PROBLEM REQUIREMENTS:
Below are the records; count how many of their lines contain the word "Stock" and give that number only.

RECORDED DATA:
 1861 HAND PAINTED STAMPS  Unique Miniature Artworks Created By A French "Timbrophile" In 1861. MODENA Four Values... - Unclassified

* * *

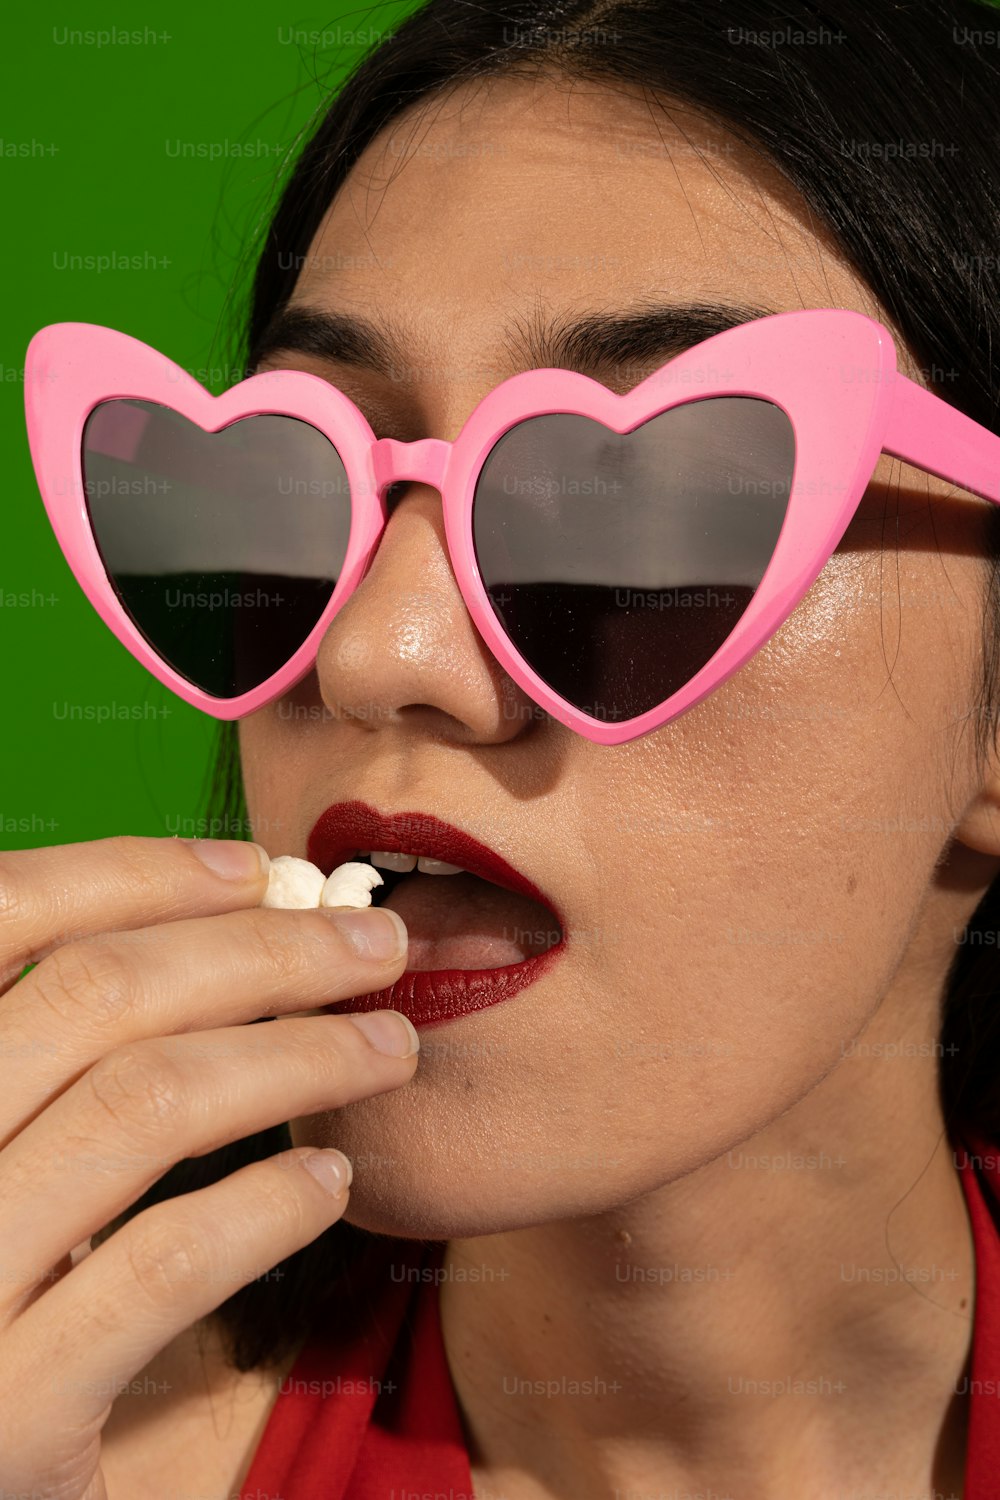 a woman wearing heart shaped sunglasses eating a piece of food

--

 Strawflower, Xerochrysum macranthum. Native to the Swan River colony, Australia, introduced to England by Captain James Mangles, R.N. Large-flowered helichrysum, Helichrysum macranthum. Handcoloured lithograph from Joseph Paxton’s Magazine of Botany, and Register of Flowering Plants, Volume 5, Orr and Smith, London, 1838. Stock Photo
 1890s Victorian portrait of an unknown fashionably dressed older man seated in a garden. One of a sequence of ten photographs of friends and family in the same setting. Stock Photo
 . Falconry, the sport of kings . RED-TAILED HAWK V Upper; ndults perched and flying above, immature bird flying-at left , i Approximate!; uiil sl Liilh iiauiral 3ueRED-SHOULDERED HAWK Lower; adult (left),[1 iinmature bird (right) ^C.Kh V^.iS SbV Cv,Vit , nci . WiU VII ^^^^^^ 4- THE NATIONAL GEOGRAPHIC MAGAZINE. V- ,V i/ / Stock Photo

EXERCISE RESPONSE:
3